‘It’s More Complicated Than the Grass Being Greener’: An Interview with Alexia Arthurs

The author of How to Love a Jamaican on love in its various forms, finding belonging and mediating identity between and beyond borders.

Sharine Taylor is a Toronto-based writer, editor and artist. 

Our existences are a testament to the people before us. Our traditions and rituals, the flavours that become familiar on our palate and celebrations we engage in have origins in atrocity, resilience, conquest, redemption and resistance, but are mostly rooted in how we’ve developed our means of survival and how we’ve preserved self and community. But what happens when we move to new homes or become displaced? When geography ruptures our proximity to ways of living and knowing, it can often act as a catalyst of discomfort, as we wrestle with feelings of shame and reckon our own sense of authenticity and connection to our culture.

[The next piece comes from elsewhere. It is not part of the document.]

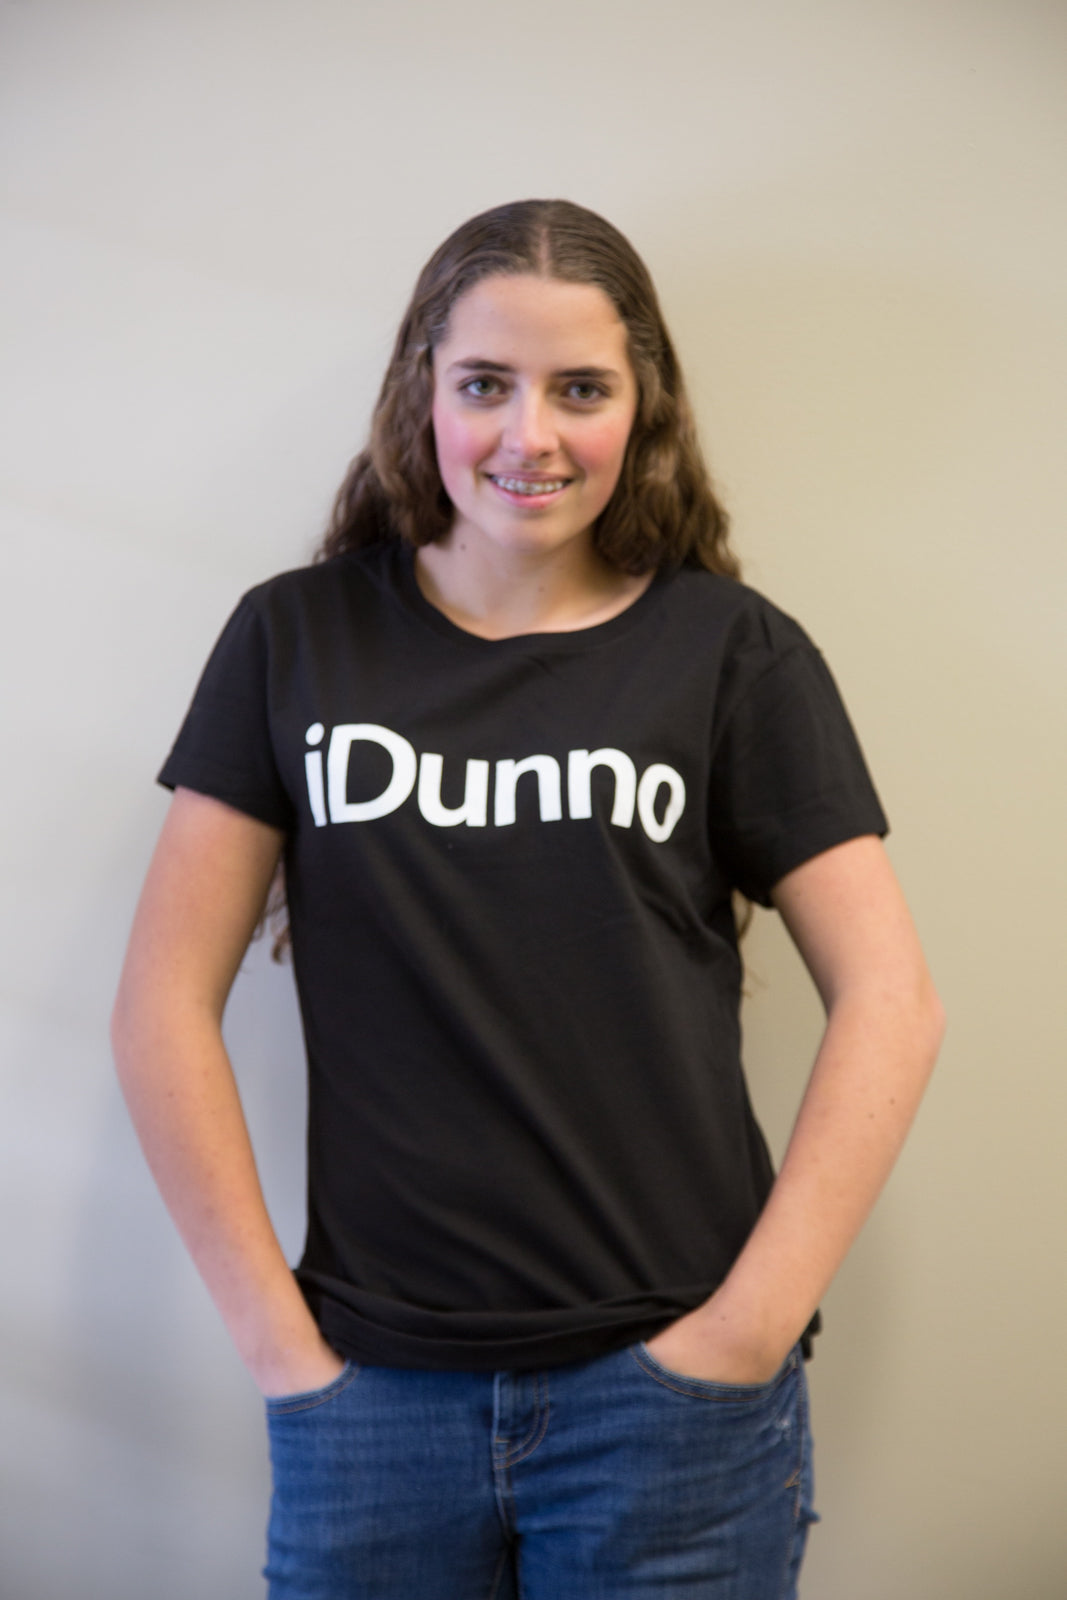 iDunno, Black Powerup T-Shirt (Mens and Ladies cuts)

Alexia Arthurs’s anthology of short stories, How to Love a Jamaican (Ballantine Books), is host to these nuances. Her characters negotiate who they were, are and aspire to be as they confront and traverse their problems with proverbs and parables of their nation’s past. Arthurs creates a world that reminds us that though we have the ability to engender entirely different realities than the ones that we are currently acquainted with, distance does little to sever ties to the places, people and practices of a life now foregone, especially when love is involved. She breathes life into common experiences of immigrants, refugees and people who leave their homeland for unfamiliar grounds. But using Jamaica as a backdrop offers a unique perspective into what makes Jamaicans’—diaspora included—collective realities so distinct.

To live in Jamaica is to exist in a paradox. A story, typically passed down orally, speaks to the island as a place, during the era of the transatlantic slave trade, where the most unruly and resistant slaves were sent to be “seasoned,” or broken down, into slavery. Centuries later, that same badniss is an element of our collective identity that we shoulder with pride. It’s evident in our music, our fashion, our language and our dancing but is juxtaposed by the remnants of a religious, colonial past that creeps its way into contemporary institutions and widely held beliefs. The land of wood and water is duly known for having the most churches per square mile in the world, and the influence of Christian values permeate nearly every aspect of our lives, both overtly and insidiously. What this means for many is a limitation of one’s actions and a silencing of desires for fear of reprisal, or being sequestered into the fringes of their communities.

Whether it be alleviating or even amplifying parental pressures, having the space to explore sexuality or stepping out of the confines of tradition, for many Jamaicans on the island and in its far-reaching diaspora, the idea of living in the Global North—though accompanied with its own particular challenges—offers a chance for rebirth or at the very least an opportunity to step into a different kind of truth in a foreign utopia, sans the anticipation of judgements that lurk in the shadows of our subconscious.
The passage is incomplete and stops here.